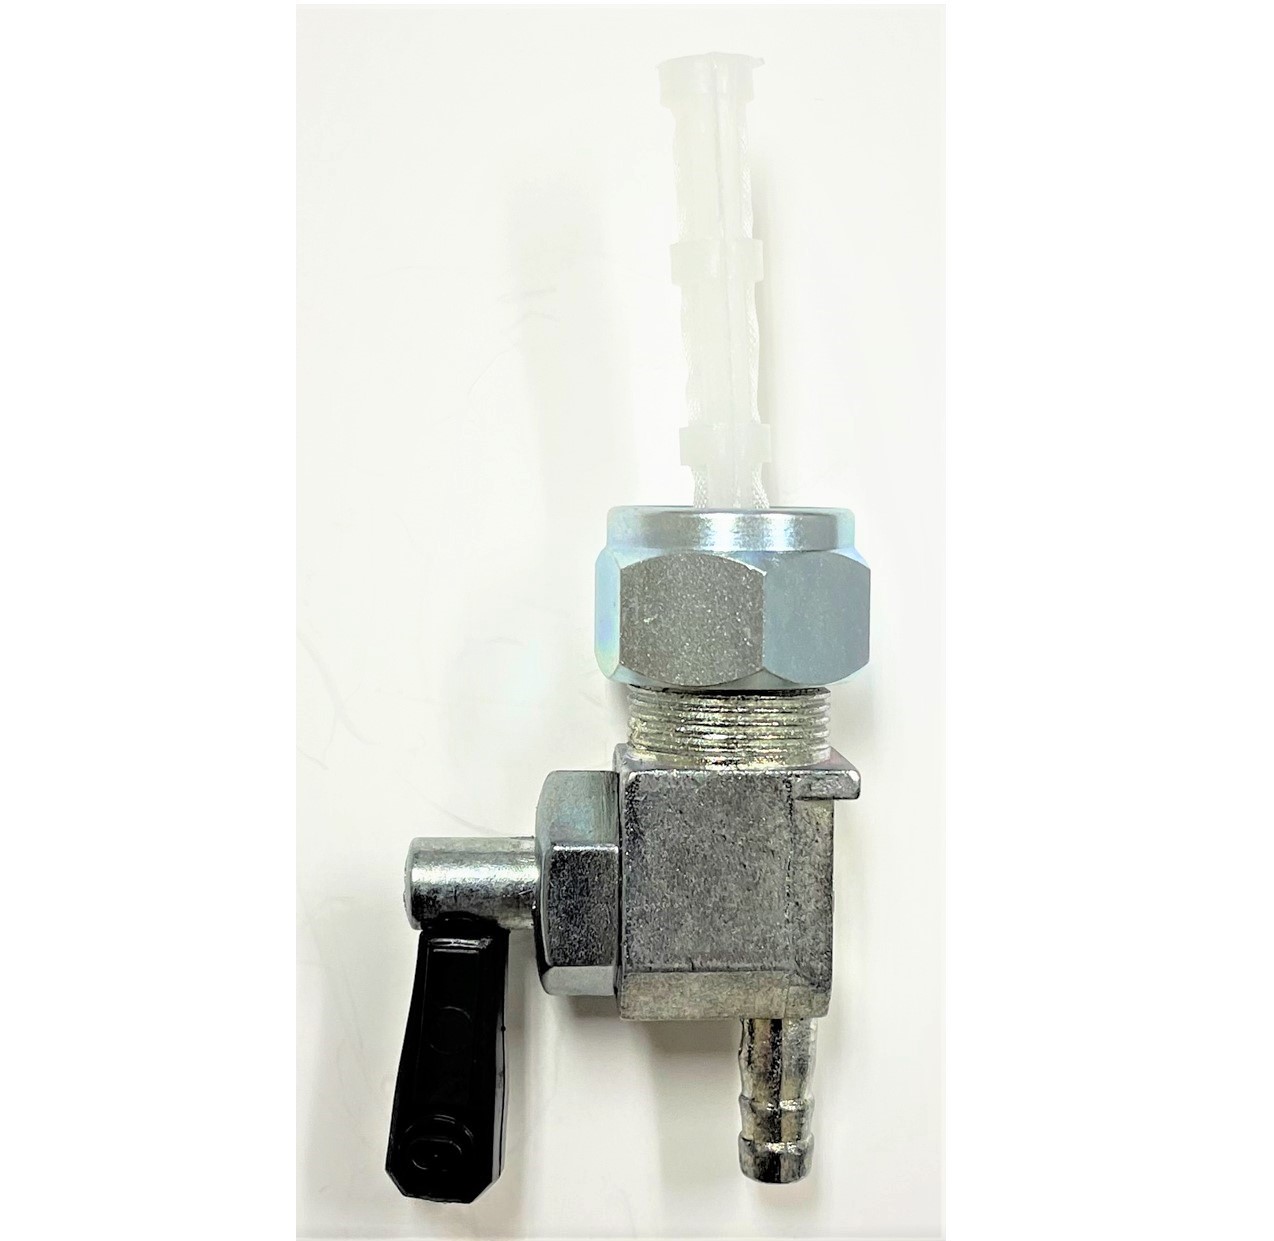 Manual Fuel Valve Fits E-Ton Yukon YXL150, CXL150, Viper RXL150R, Rover, Rover GT + Others Nut ID=15mm - Click Image to Close
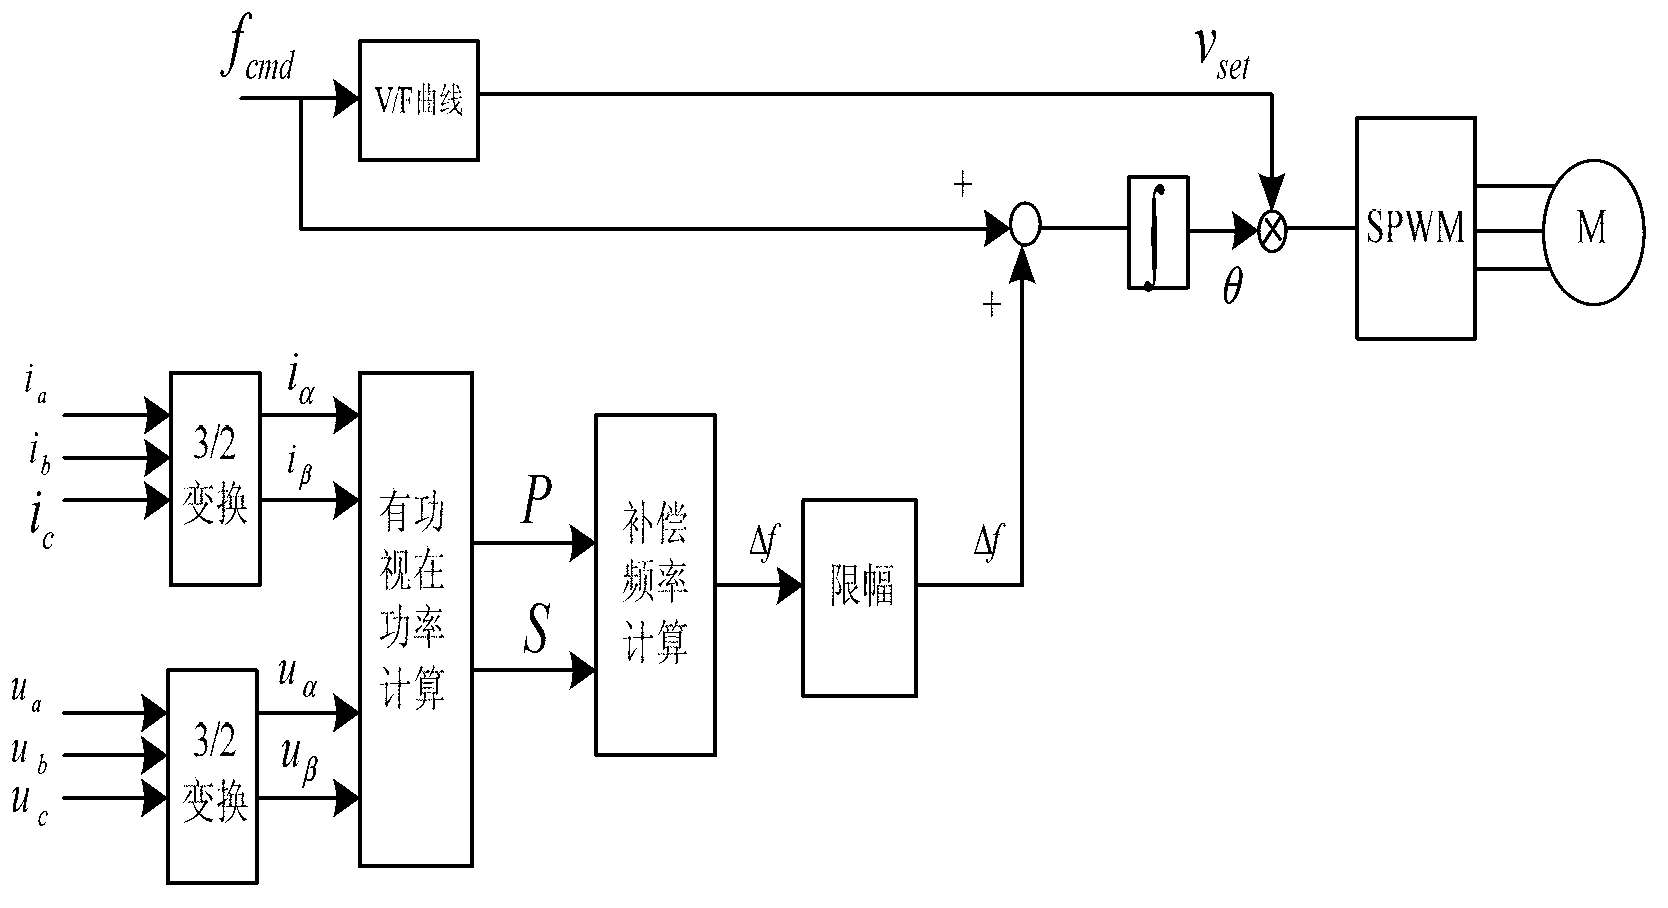 Method for realizing stable operation of frequency converter under V/F (voltage/frequency) control
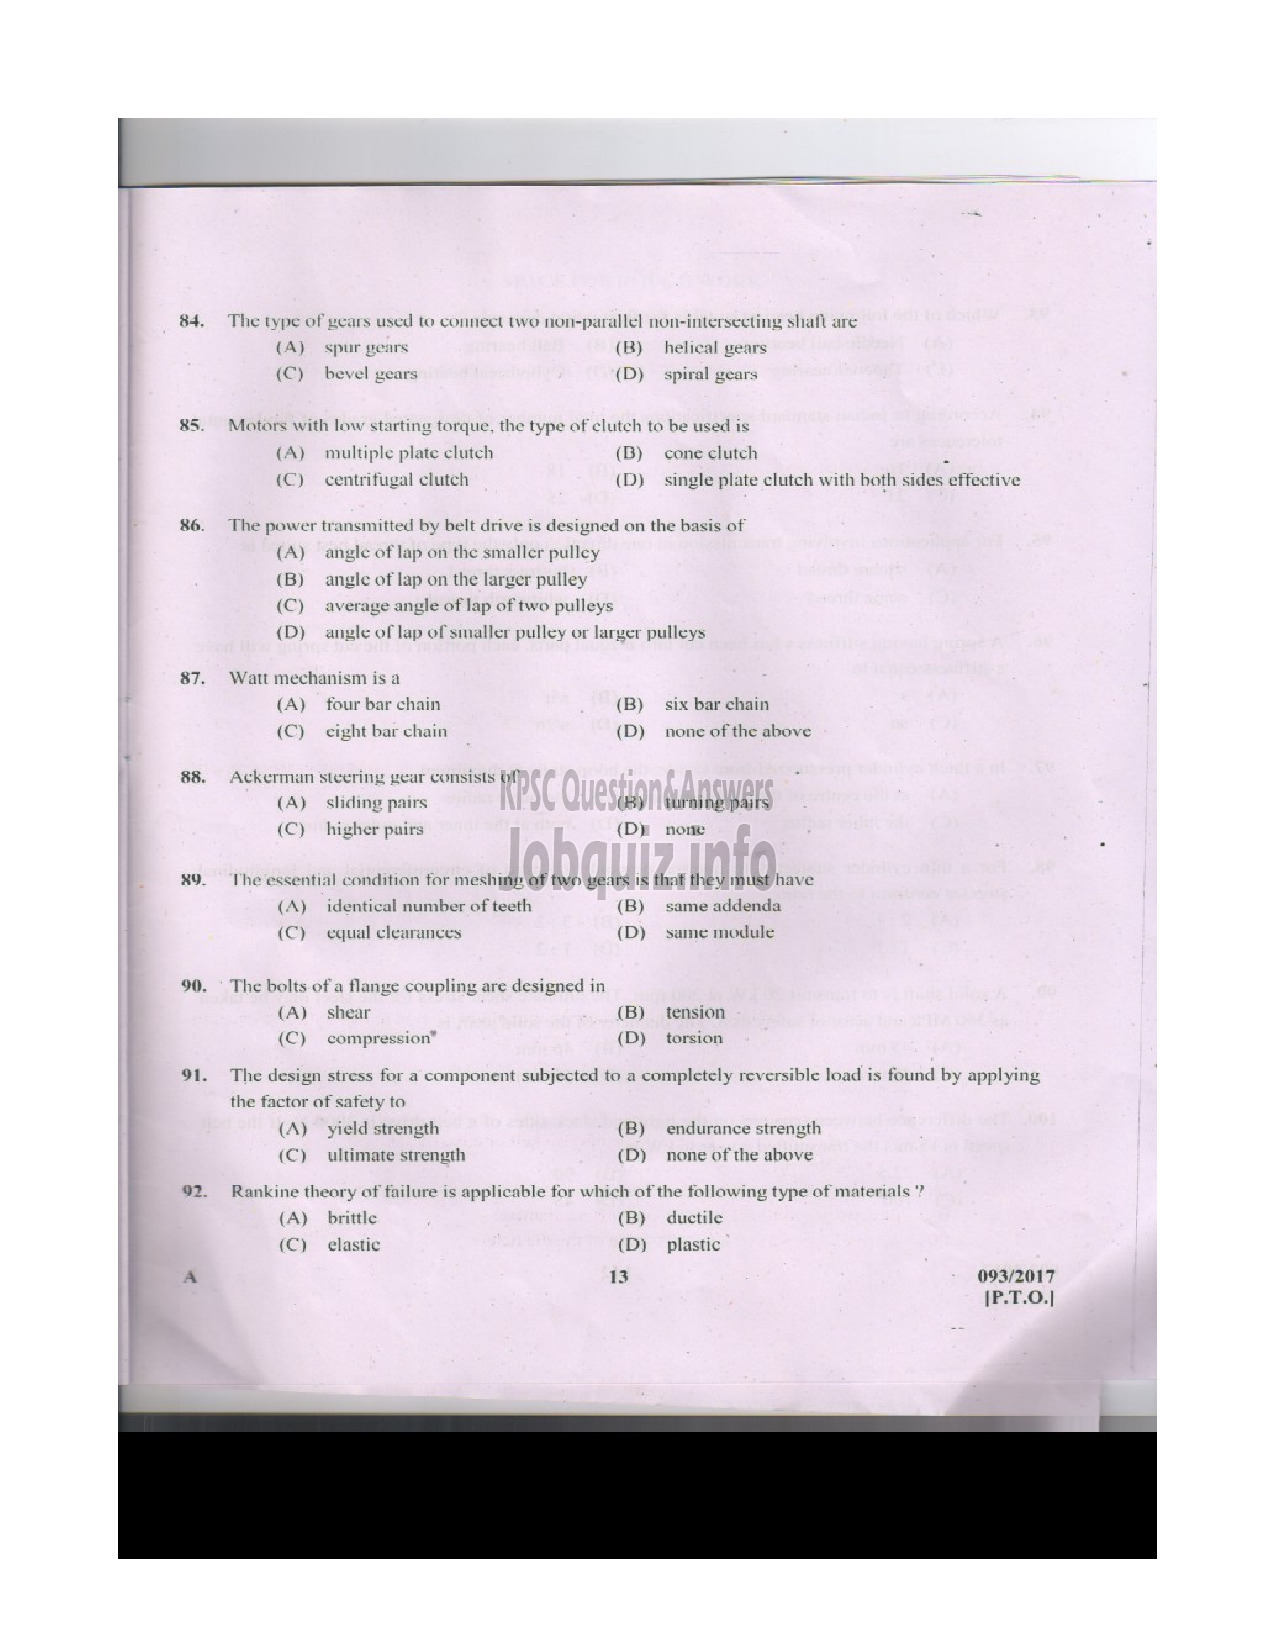 Kerala PSC Question Paper - INSTRUCTOR GRADE I MECHANICAL ENGINEERING ENGINEERING COLLEGES-12

Your objective -
Omit the pictures and write out the remaining data exactly.

Your response -
 Manual Fuel Valve Fits E-Ton Yukon YXL150, CXL150, Viper RXL150R, Rover, Rover GT + Others Nut ID=15mm - Click Image to Close
 Method for realizing stable operation of frequency converter under V/F (voltage/frequency) control
 Kerala PSC Question Paper - INSTRUCTOR GRADE I MECHANICAL ENGINEERING ENGINEERING COLLEGES-12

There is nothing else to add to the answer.